**Required work:** What I need is an exact repeat of the lines from the one with "Towards Faster Annotation" through the end of the listing below. Leave out every picture.

(Supplied material Opens)

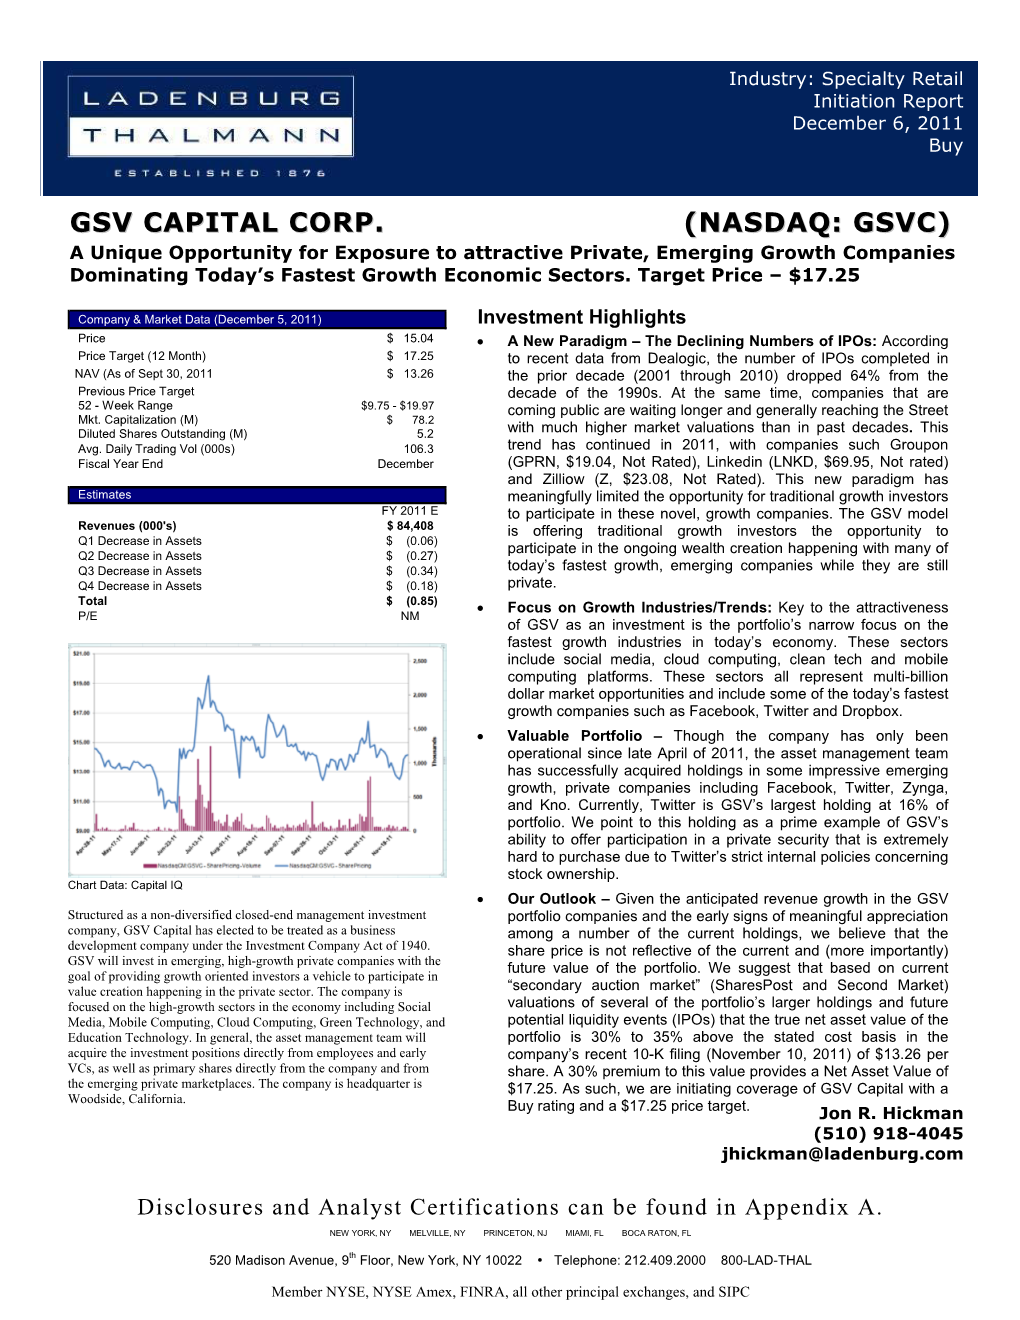 GSV CAPITAL CORP. (NASDAQ: GSVC) a Unique Opportunity for Exposure to Attractive Private, Emerging Growth Companies Dominating Today’S Fastest Growth Economic Sectors
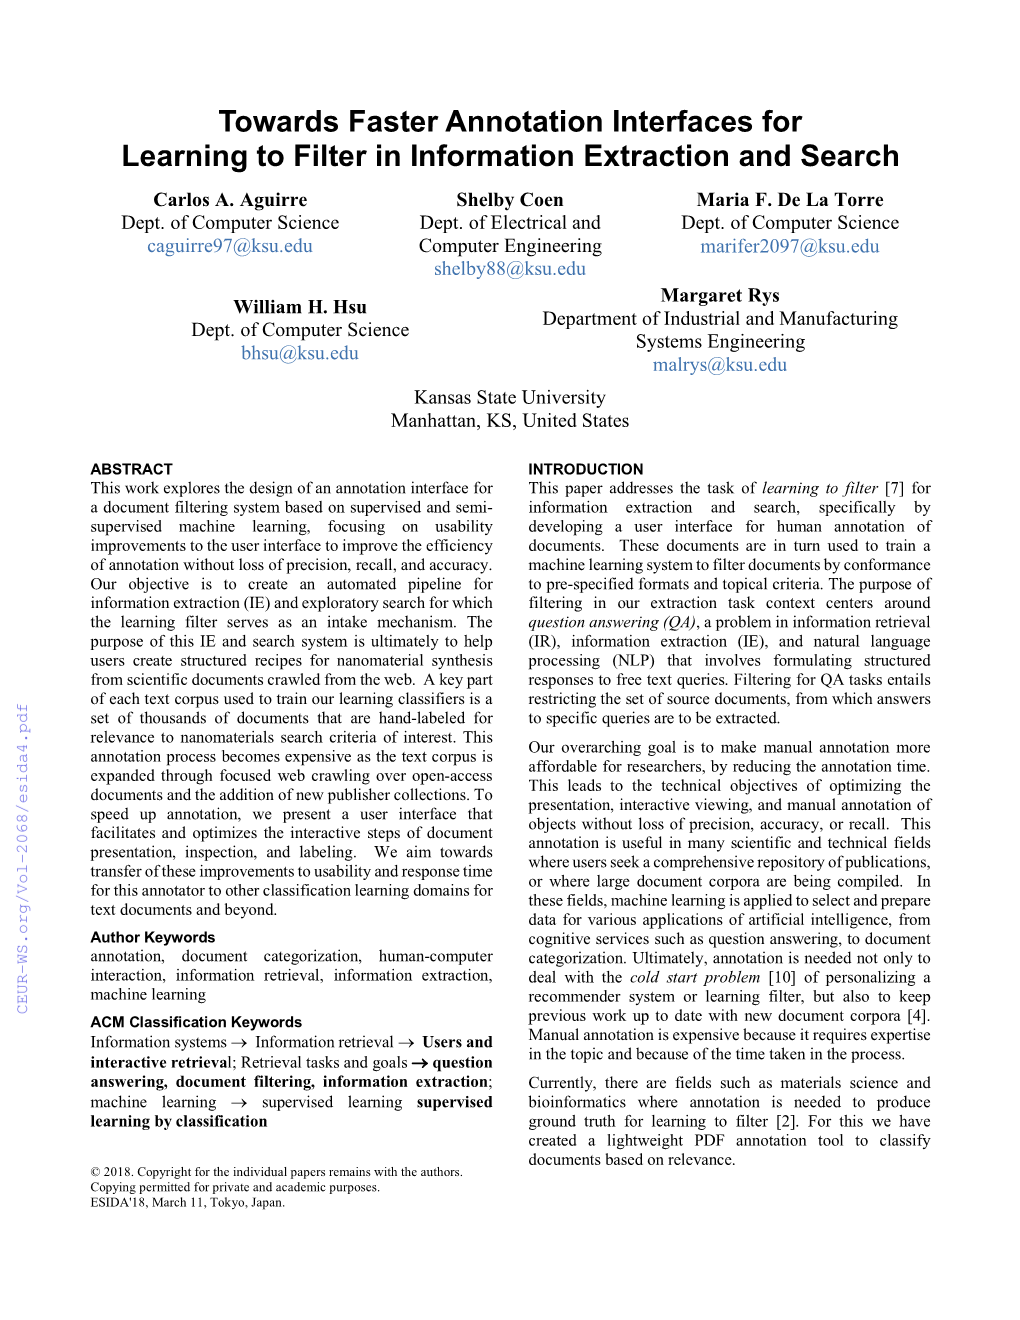 Towards Faster Annotation Interfaces for Learning to Filter in Information Extraction and Search Carlos A
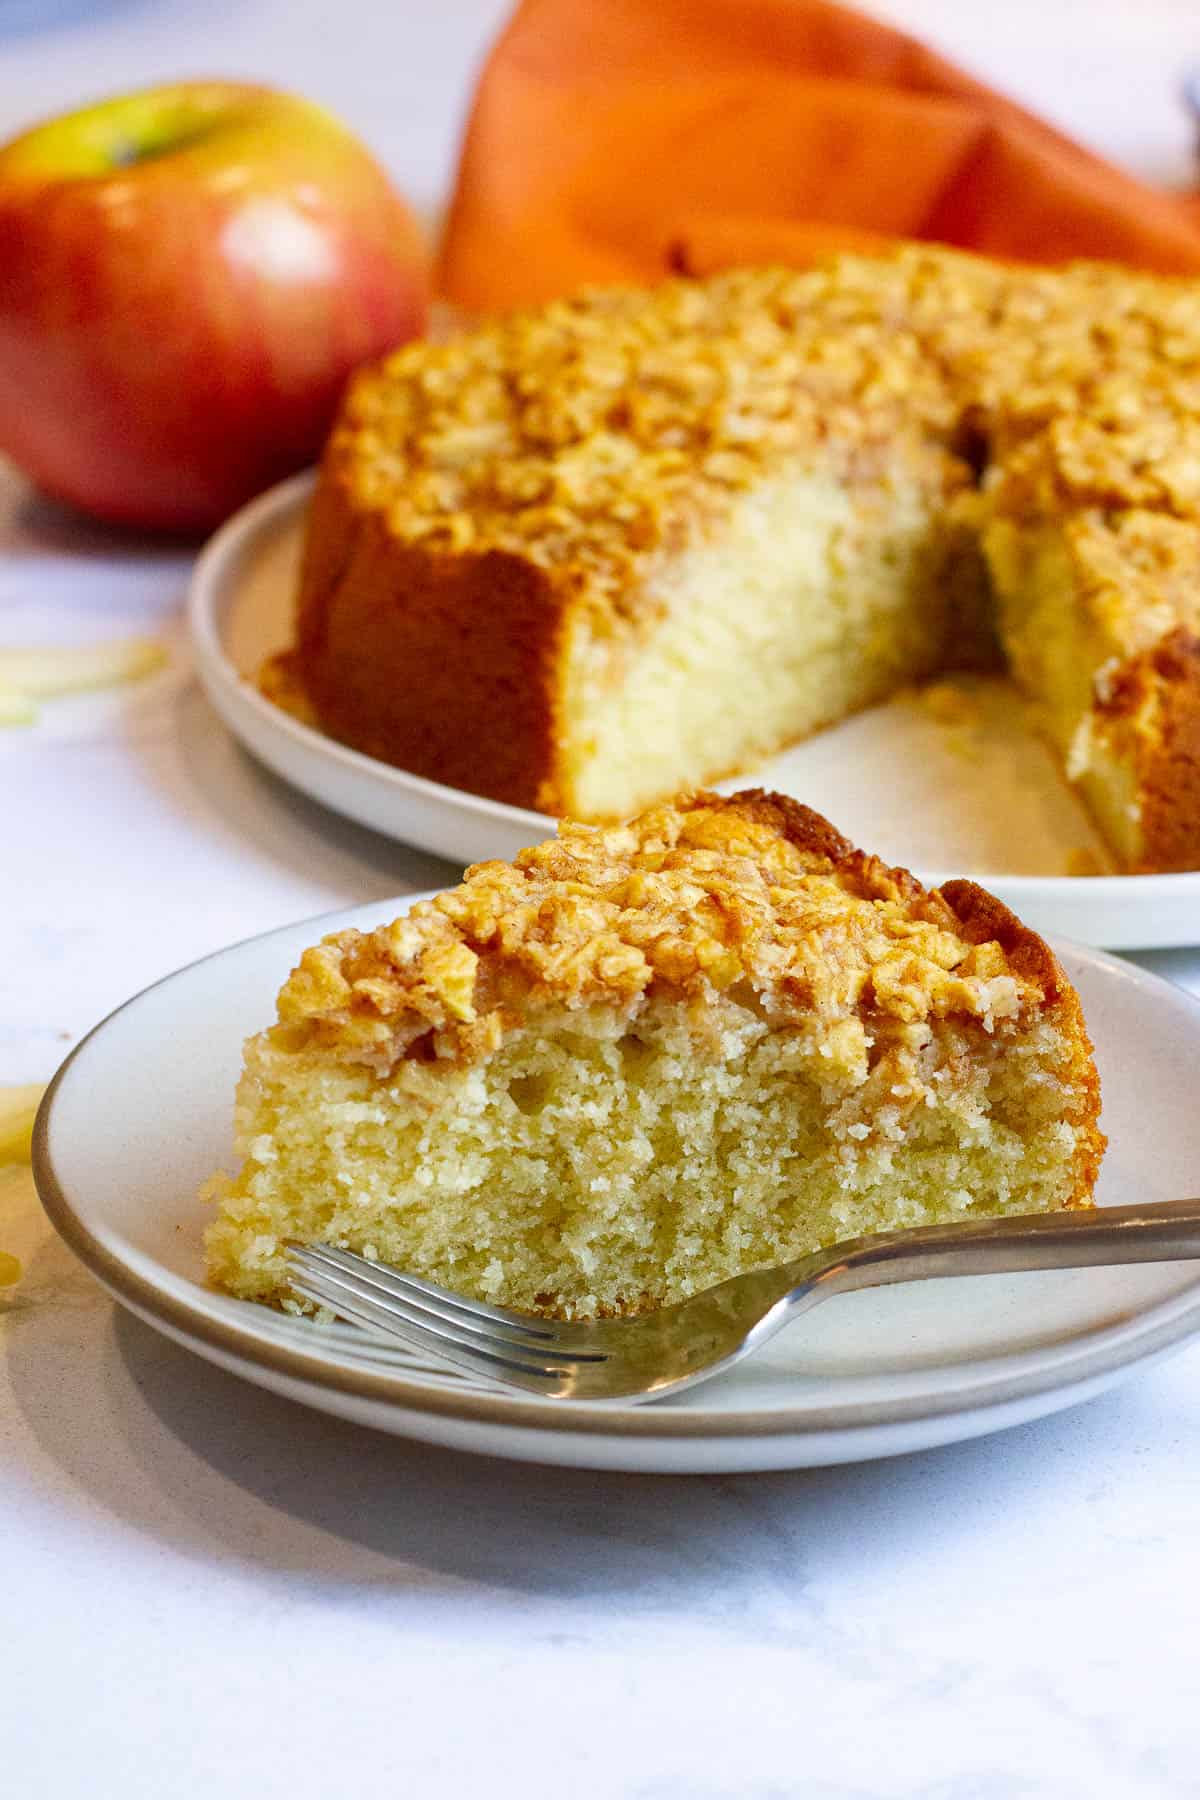 A slice of gluten-free dairy-free apple crumble cake on a plate.
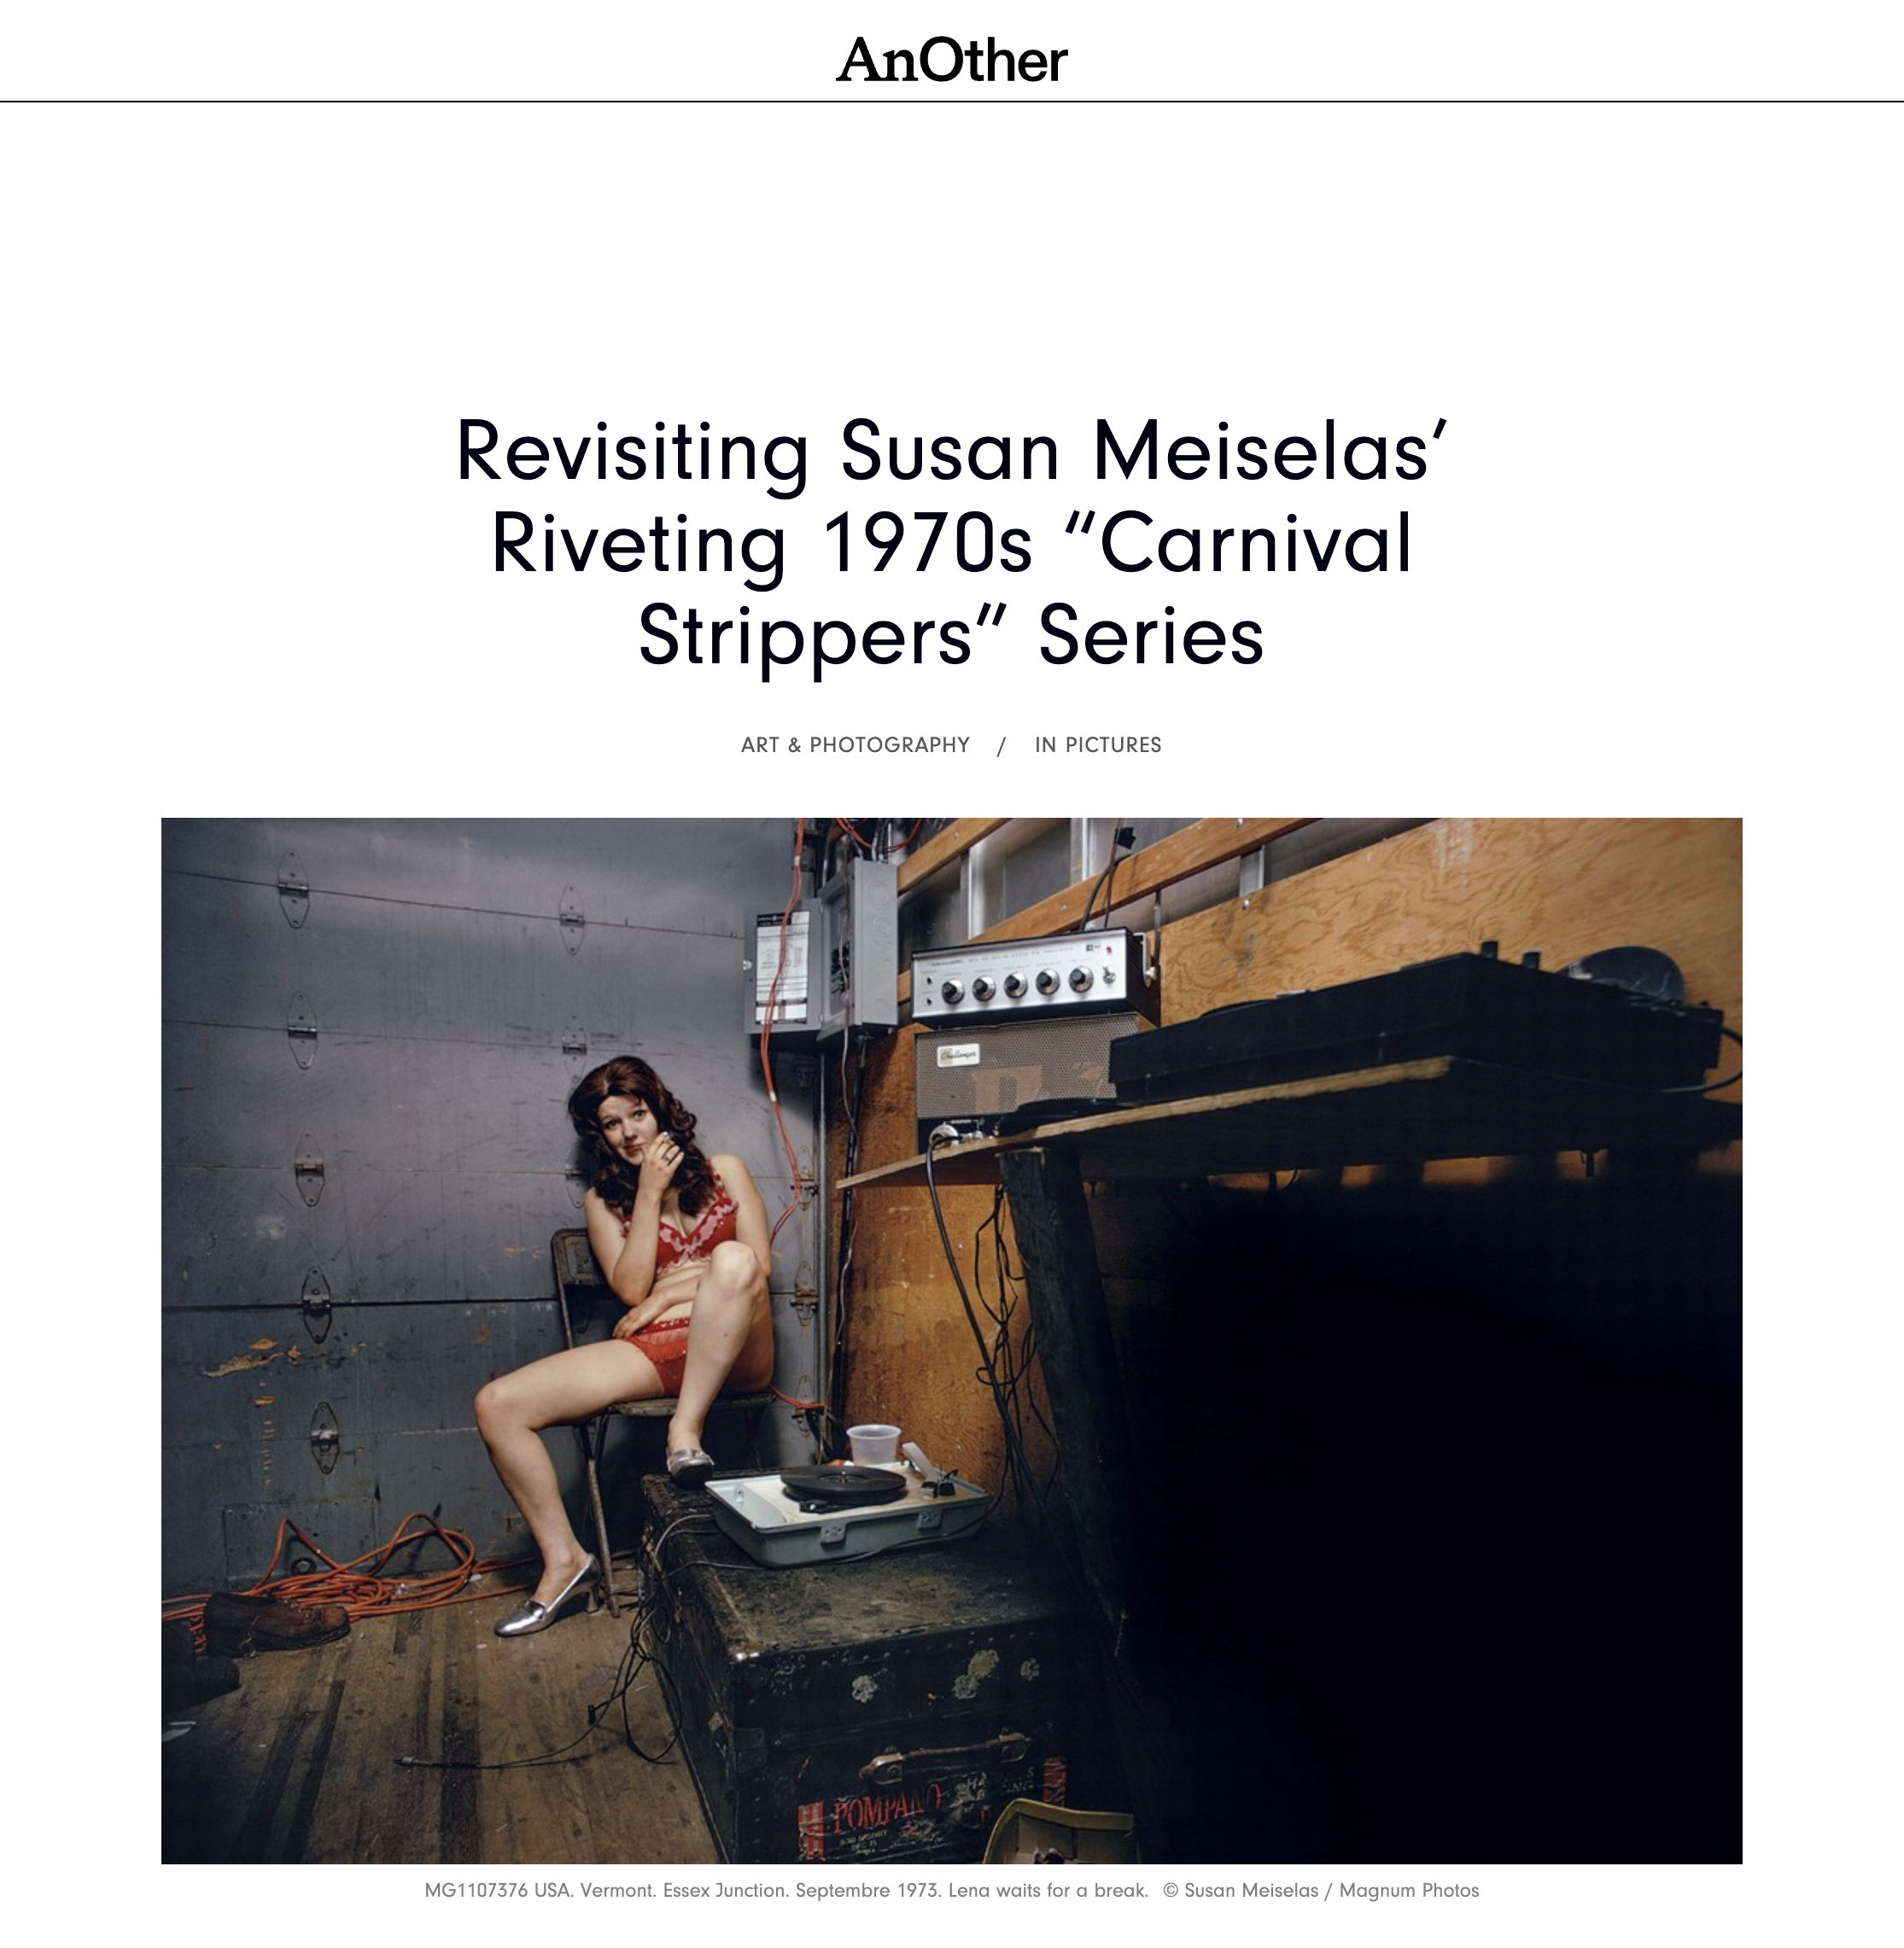 Thumbnail of AnOther Magazine: Revisiting Susan Meiselas’ Riveting 1970s “Carnival Strippers” Series

(Supplied material Closes)

**Reply to the exercise:**
 Towards Faster Annotation Interfaces for Learning to Filter in Information Extraction and Search Carlos A
 A slice of gluten-free dairy-free apple crumble cake on a plate.
 Thumbnail of AnOther Magazine: Revisiting Susan Meiselas’ Riveting 1970s “Carnival Strippers” Series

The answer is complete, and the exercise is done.